Как-то утром громкоговоритель из коридора рявкнул:
– Двенадцать-двадцать пять, Олэн… Двенадцать-двадцать пять, Олэн…
Арестант приготовился, ожидая, пока дежурный откроет дверь.
Он надел свой собственный пиджак, не забыв предварительно повозить его по полу.
Олэн думал, что его поведут через внутренний двор к перевозке, но конвоир, спустившись по лестнице, резко свернул в сторону и впустил Олэна в один из кабинетов с застекленной дверью – обычно там адвокаты встречались со своими подзащитными.
Двое мужчин в штатском спокойно курили. Тот, что постарше, сидел за столом с портативной пишущей машинкой. На углу стола лежало довольно пухлое досье.
Младшего Олэн сразу узнал. Это был Поль. Он указал арестанту на стул, внимательно разглядывая мельчайшие подробности его своеобразного туалета. И первые впечатления еще больше укрепились.

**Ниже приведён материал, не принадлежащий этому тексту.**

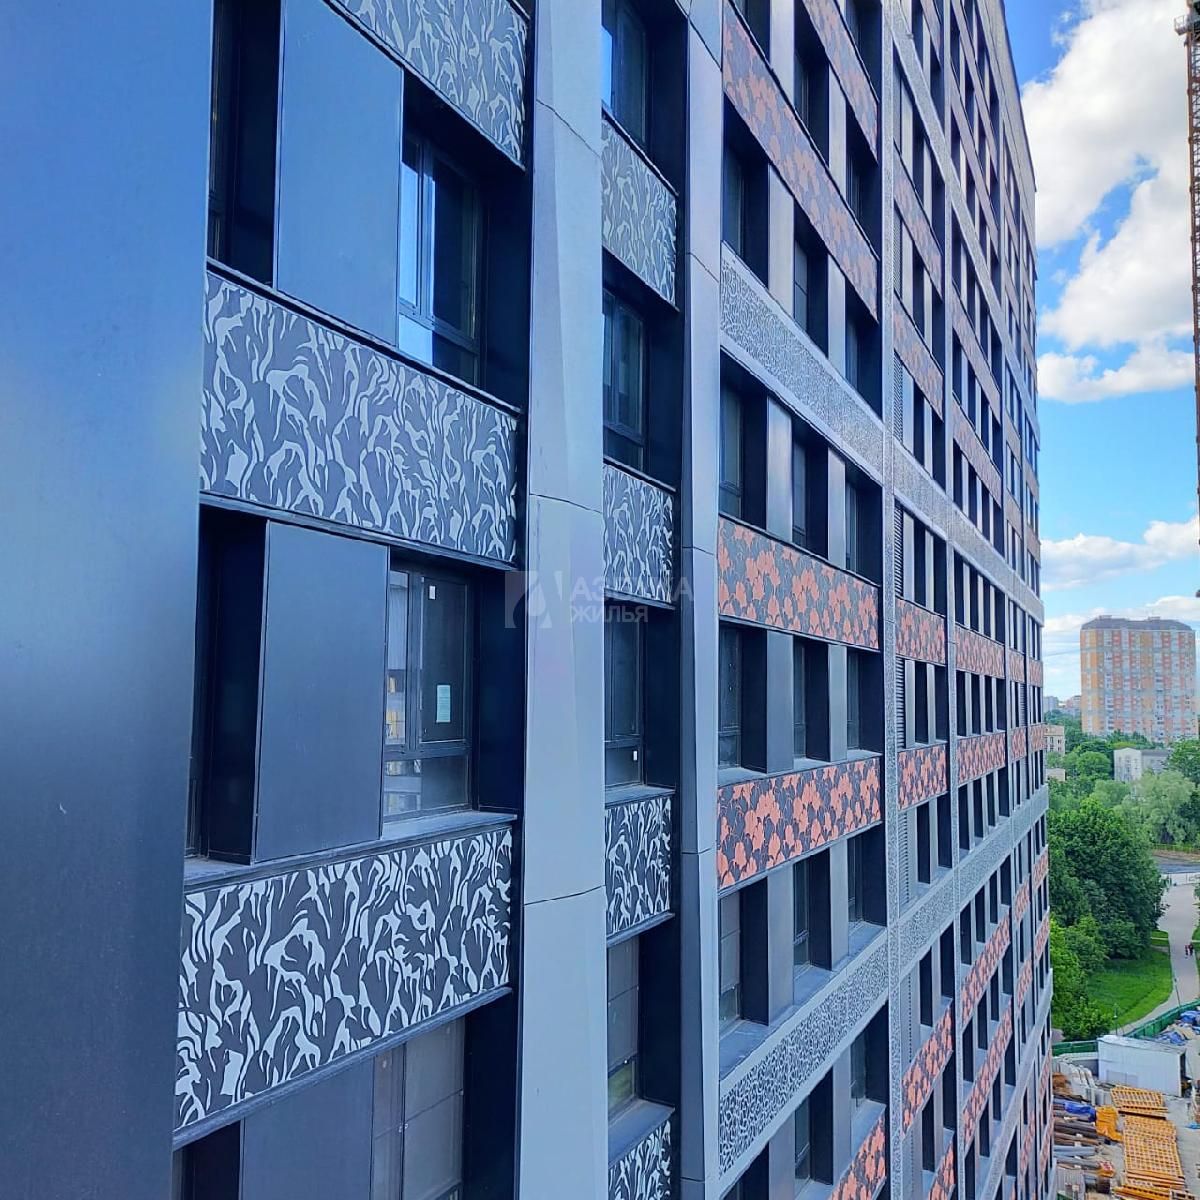 Фото №20 - 3-комнатная квартира, Москва, Серебрякова проезд 11 корпус 1, метро Ботанический сад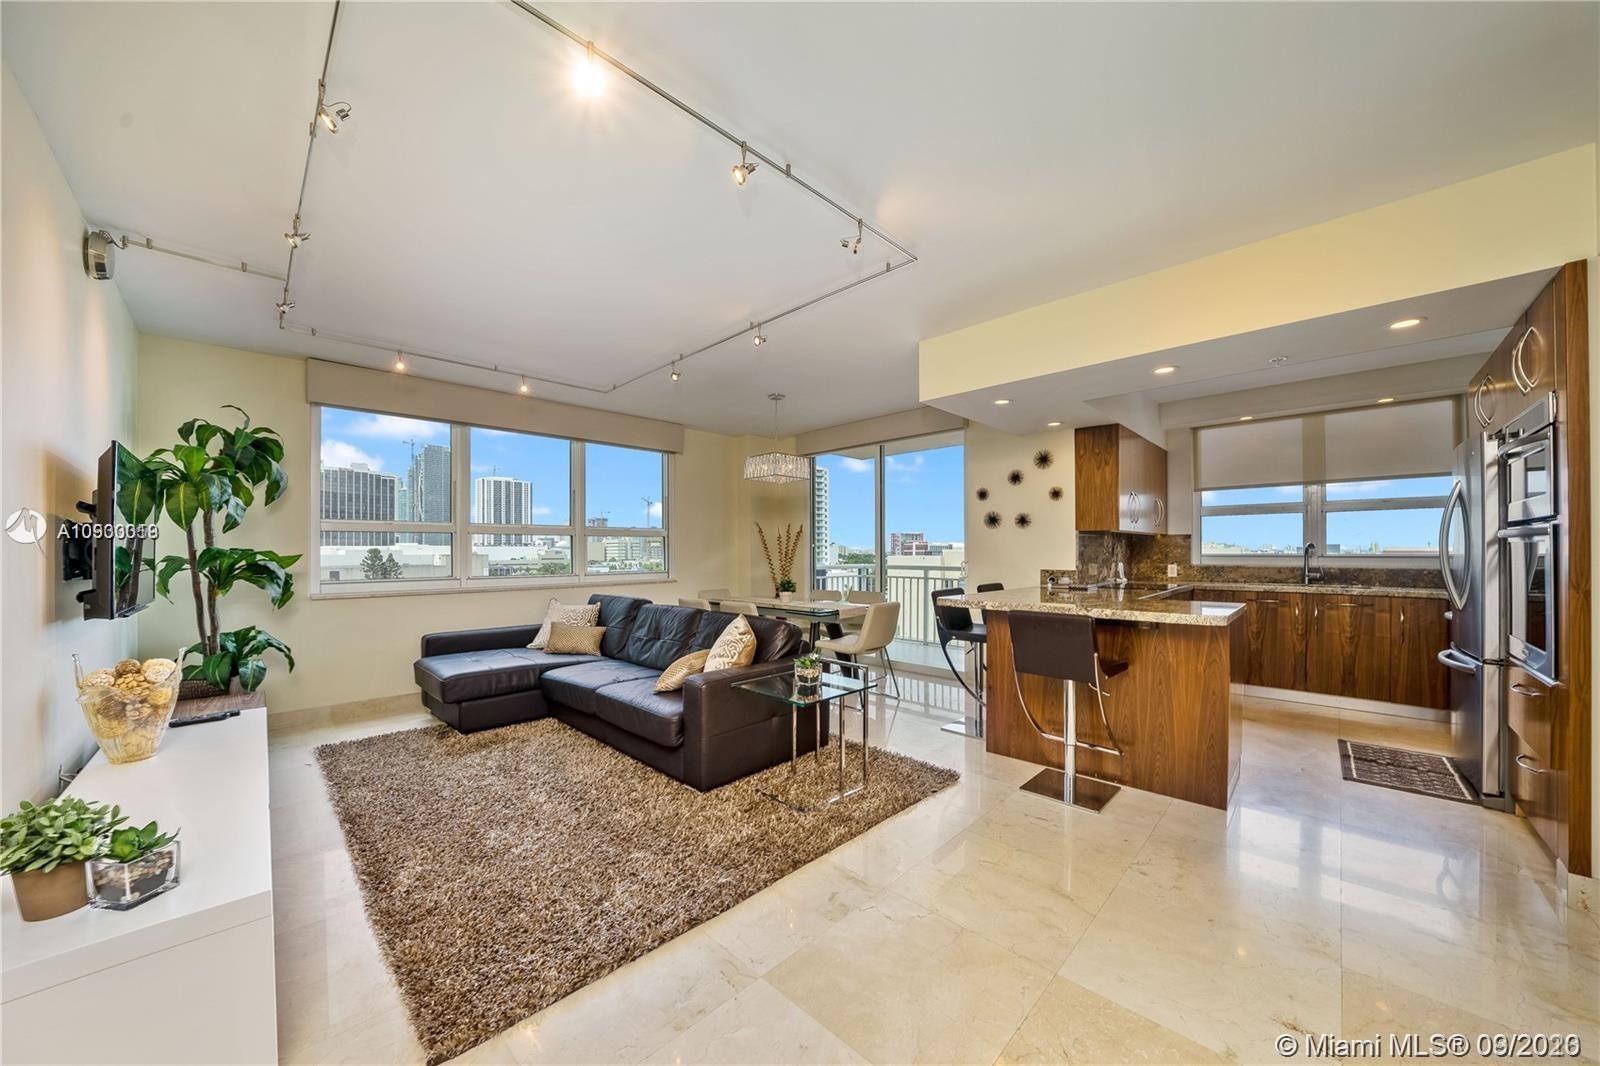 Real Estate Photo A10930019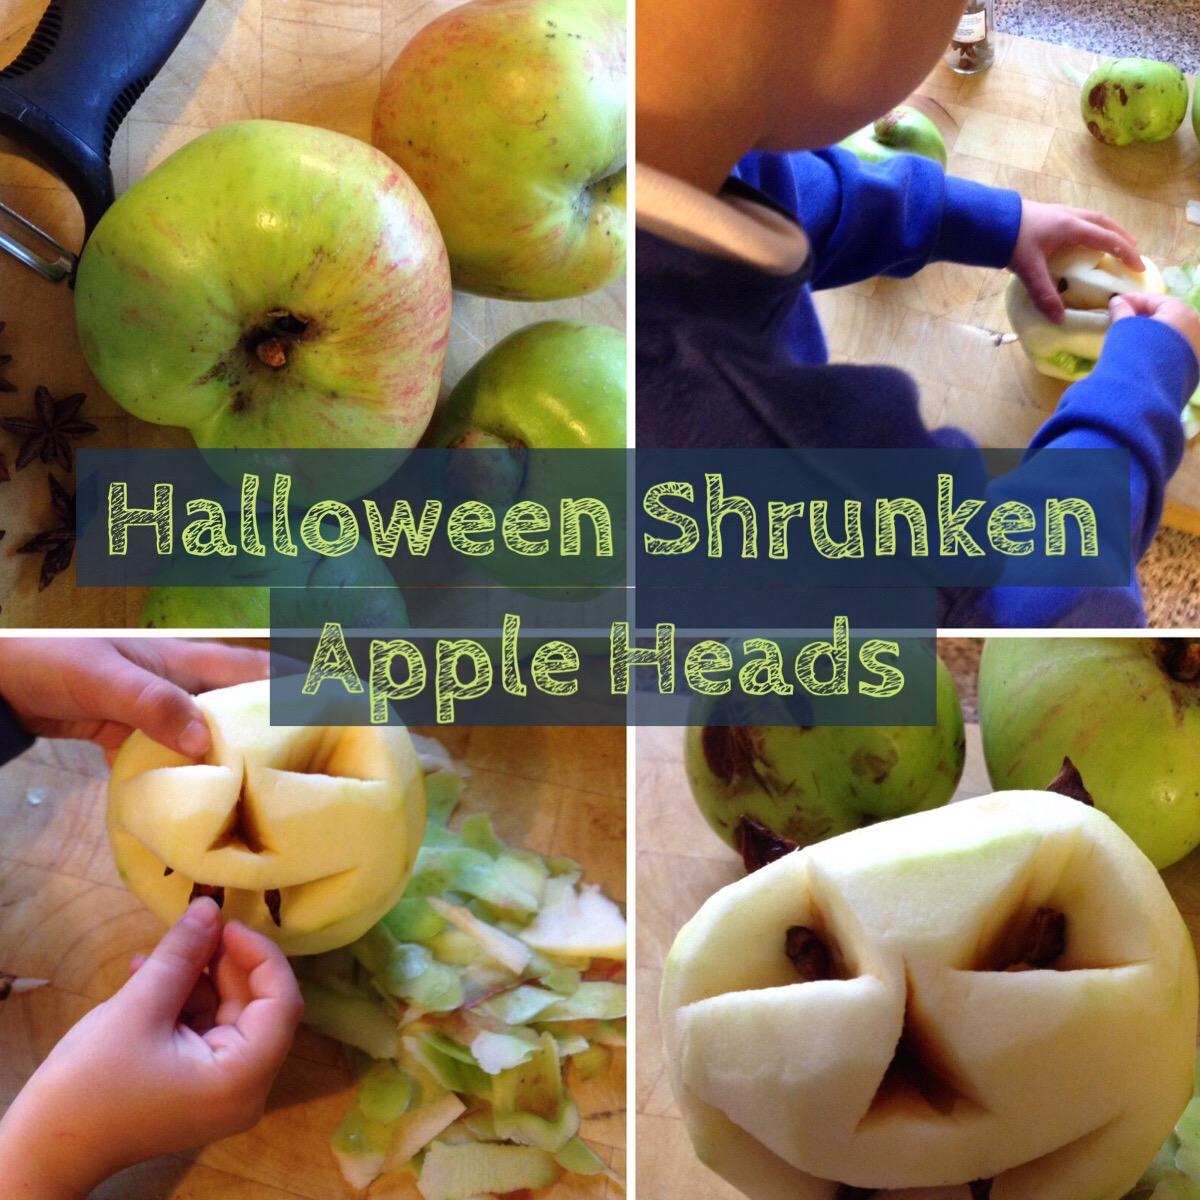 how to make shrunken apple heads for halloween by Lottie Makes

Олэн, натянуто улыбаясь, попробовал спасти положение.
– Свою одежду я берегу до освобождения… а пока приятель одолжил кое-какое барахлишко…
– А тут большего и не требуется, – в тон ему отозвался Поль. – Послушай, прежде чем передать дело в суд, я хочу спросить тебя кое о чем… Например, где ты был в понедельник десятого сентября с семи до полудня?
– В понедельник десятого сентября? – переспросил Олэн.
– Вот именно… в понедельник десятого сентября, – твердо сказал Поль.
Олэн сел, подперев подбородок рукой, и стал судорожно выдумывать менее вредное времяпрепровождение, чем налет на банк почтенного месье Финберга.
– Это не бог весть как давно… и месяца не прошло, – поторопил инспектор.
– И потом, понедельник – первый день недели, сразу после воскресенья, – добавил старший полицейский. – Может, так вам будет легче припомнить?
– Я был в Марселе! – заявил Олэн. – Уж в этом-то я абсолютно уверен.